The long awaited fourth movie in the Conjuring franchise, “The Conjuring Last Rites”, broke box office records on the 5th of Sept. this year, but didn’t break any new ground.
Made by New Line Cinema and directed by previous Conjuring series director Michael Chaves, the film was teased in the post credits scene in “The Nun 2”.
The film follows Ed and Lorraine Warren, very loosely based off of their real life counterparts, as they grapple with aging, their daughter growing last and their consistent connection to the supernatural. The family is forced to solve one more case all the way in Pennsylvania, based on the real life Smurl haunting the Warrens did investigate. It is revealed that the supernatural presence in the home is actually the same one they met over 20 years ago in an incredibly dangerous case. The film has taken first place as the highest grossing opening weekend for a horror movie ever, overtaking the previous ruling champion “It”.
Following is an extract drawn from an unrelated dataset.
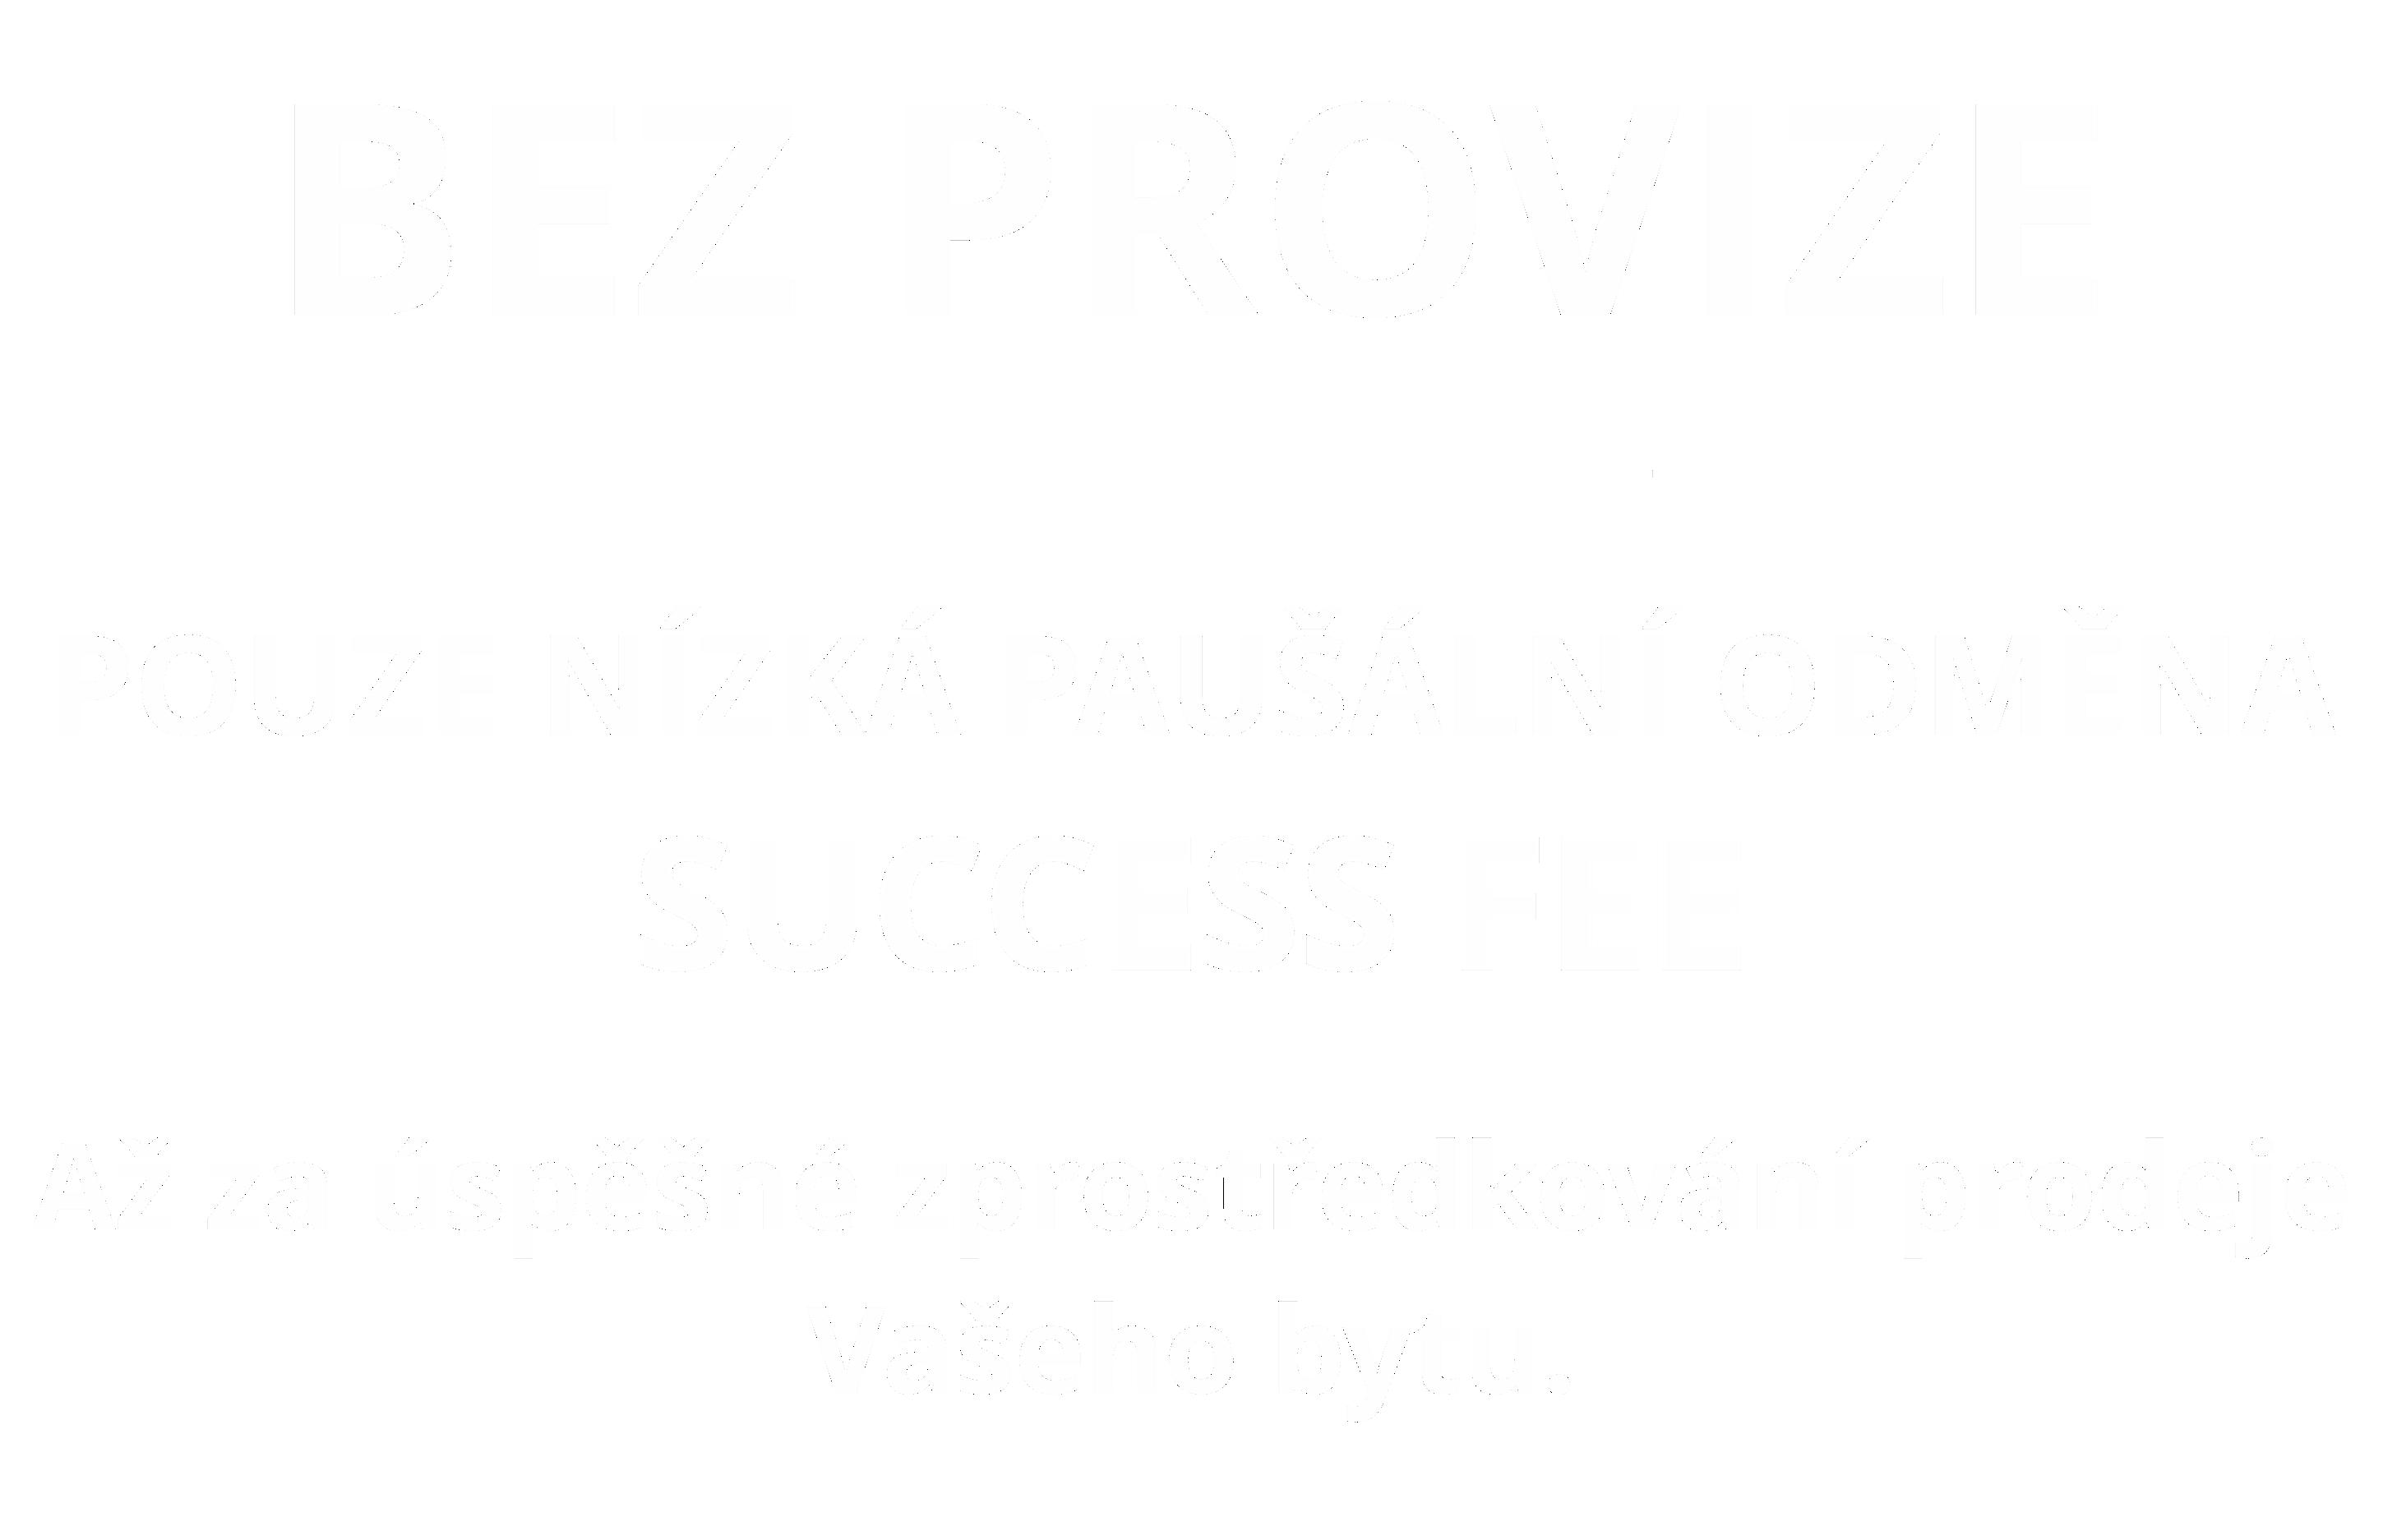 REAF_S2

The conjuring series have never had incredibly well thought out writing or pacing but this movie takes the cake for some of the lowest quality yet. The biggest blight plaguing the series is that it already peaked with the first two films. This movie is ninth in the universe, fourth in the main series, and is very telling of its quality. Ever since Michael Chaves became the de facto director of the series, it's plummeted in quality. While his other conjuring movies aren’t the literal worst, he simply doesn’t have the touch that James Wan had. This movie doesn't do anything new for the series and ends up feeling slow and underwhelming. The scares are not only few and far between but they either miss the mark and seem dumb rather than scary or were good but lose their luster due to being shown in the trailers. The good ideas felt half baked, the Warrens dialogue was drab, there were characters who seemed important and then just kind of vanished from the movie and much more.
I can commend one scare with being well done, but having one decent scare in the closer to an incredibly popular horror franchise doesn't save the film.